Sure. Hi, Ram. Thanks so much for these questions. You know, it's rare to be able to launch multiple products that are game changers, but I can tell you again, based on market research we were engaged in over the last few weeks, it is a common term that physicians are using, game changer for their patients. And why is that? Well, if you think about it, this product category has a significant unmet need. And when you, you know, as you know about anaphylaxis, It is a condition that comes on rapidly and can lead to some very challenging outcomes. So it is critical for patients to have an epinephrine product that they can easily use and easily carry. And so, again, all of our market research comes back to saying, Anafilm is the easiest to carry. It is the easiest to use. And on top of that, you have the great efficacy of it working quickly and consistently. So at the end of the day, who are the patients? Well, we think, look, we're watching obviously very closely and we'll continue to watch as Dan has shared. But you're always going to have those physicians that are quick adopters. You're going to have patients that are quick adopters. And so we also believe that patients with an active prescription of NEFI or their devices, you know, will be quick adopters of our products, both patients and HCPs. We believe that patients that are newly diagnosed that don't yet have a prescription, that NEFI will, or excuse me, anafilm, will be the preferred option. And finally, we see this market expanding in that patients that have never filled a prescription and just avoid their allergen will be a great patient, too, for the product.
Great. Thanks. And very quickly, one last thing with respect to 108. Given the timeline that you've laid out with respect to the IND and initiation of the Phase 2A trial, are we to assume that this effectively falls within the scope of the previous timeline guidance that you provided indicating an expectation that this product could be launched before the end of 2028. Just wanted to make sure that, you know, things are still effectively on track relative to what you previously showcased at the Investor Day event.
Yes, Rob. We're very excited and very serious about 108. We've already, as you heard from the comments before in our press release, we've already put our briefing book into the FDA. we are ready to file our IND and we want to get our phase 2a going. So absolutely out of schedule, just like we laid out just a few weeks ago.
Thank you very much.
Thank you. Our next question comes from Jason Butler with JMP Securities. You may proceed.

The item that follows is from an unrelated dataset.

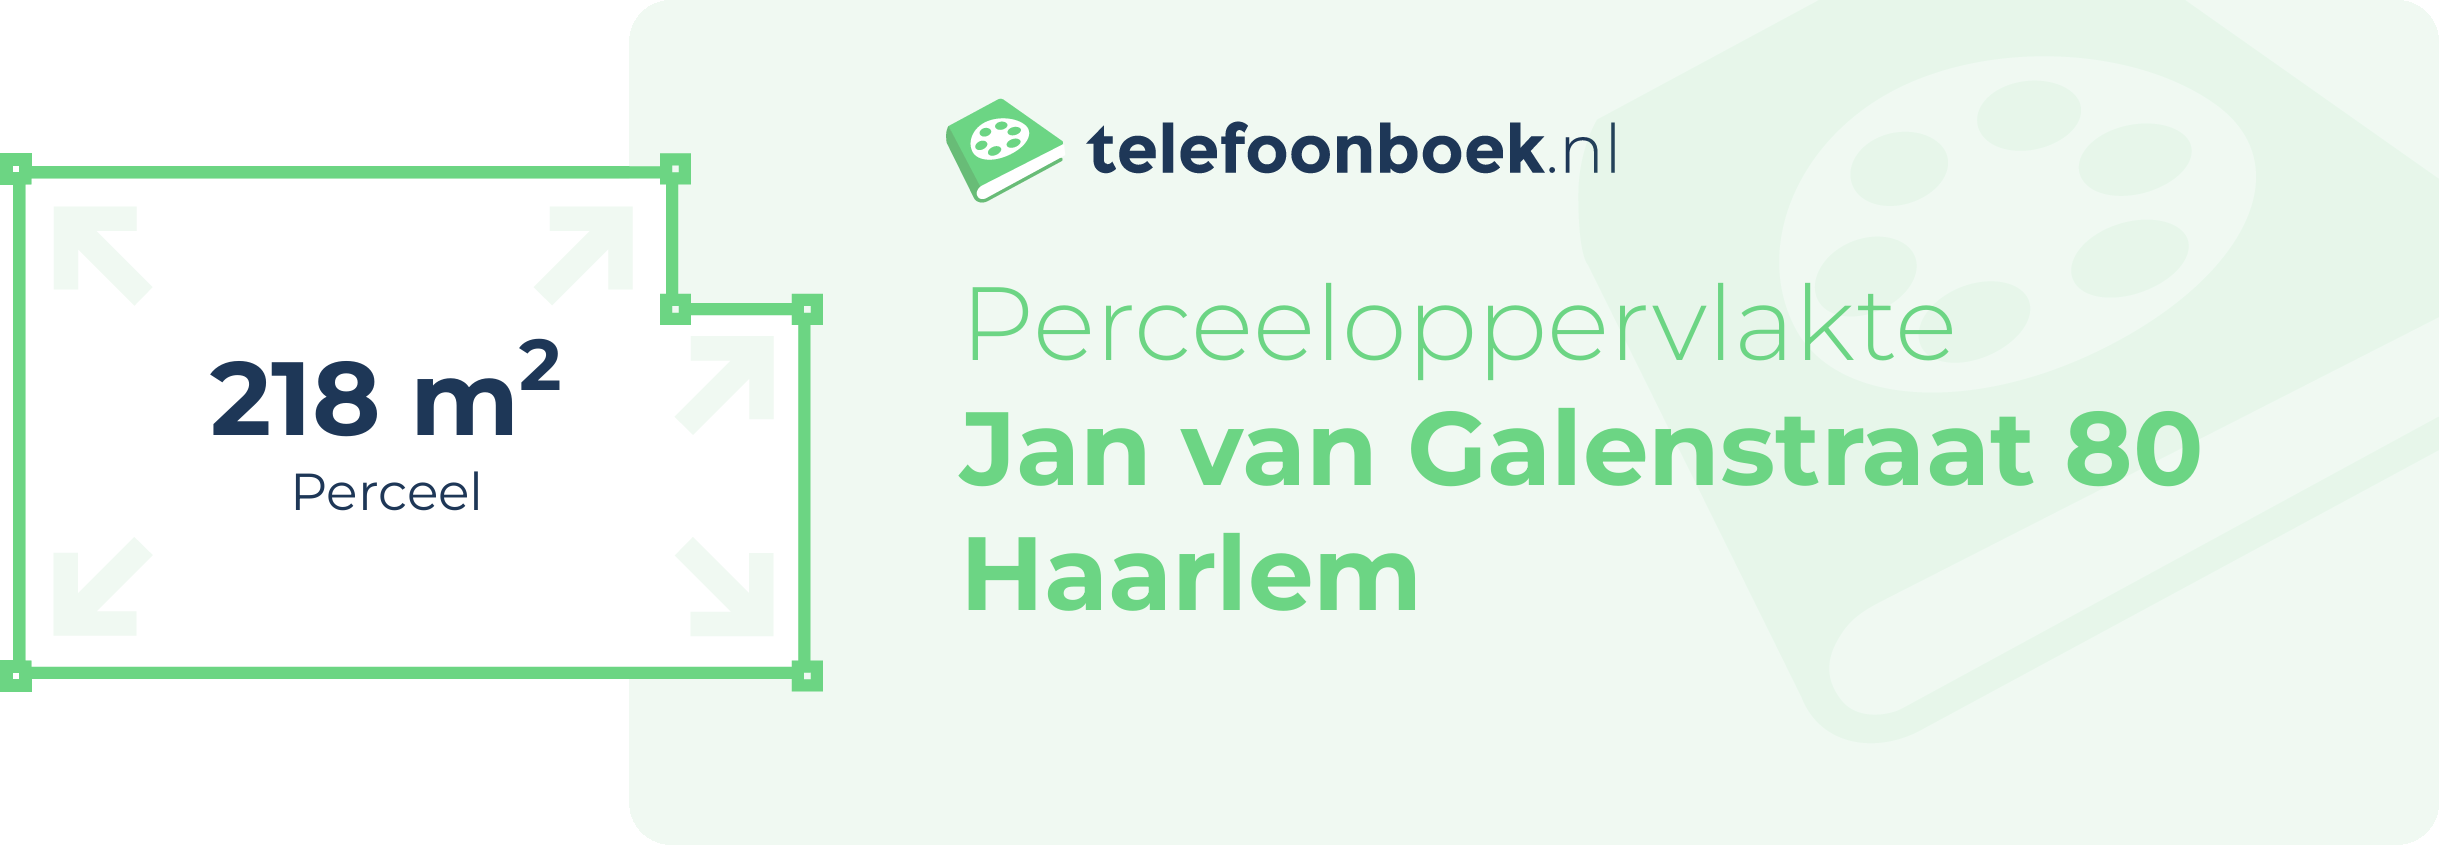 Perceeloppervlakte Jan Van Galenstraat 80 Haarlem

Hi, thanks for taking the question. Just thinking about the meeting with FDA for NFM, Can you maybe talk about, and obviously I understand you can't go into a ton of detail here, but what aspects of the product label do you think are still up for debate or discussion? What data do you think that you can discuss with FDA, including the oral allergy challenge study, pediatric study, et cetera? But just anything that can help provide a differentiated picture relative to NEFI. Thank you.
Yeah. Good morning, Jason. global strategy with a label like any company in our position, while there will be elements of the label that are just standard, we do believe that we have differentiation in a couple of places, like you mentioned, the OASIS study. That could be very interesting. But, Carl, I'll let you go a little deeper.
Yeah, no, Jason, thank you for the question. And I completely agree. I think there are elements here. that are clearly differentiating. We've created and demonstrated utility with regards to thinking about symptom resolution in a relatively predictive model, right? We're actually introducing allergens into the oral cavity where you typically see allergens introduced in people with food allergies. But with regard to the forthcoming pre-NDA meeting, as Dan said earlier, the overarching intent is to align on the completion of the adult program and march forward with the execution of the pediatric program study. So that is really the intent overall, but we're certainly considering all potential opportunities to include the most recent data as a differentiating element.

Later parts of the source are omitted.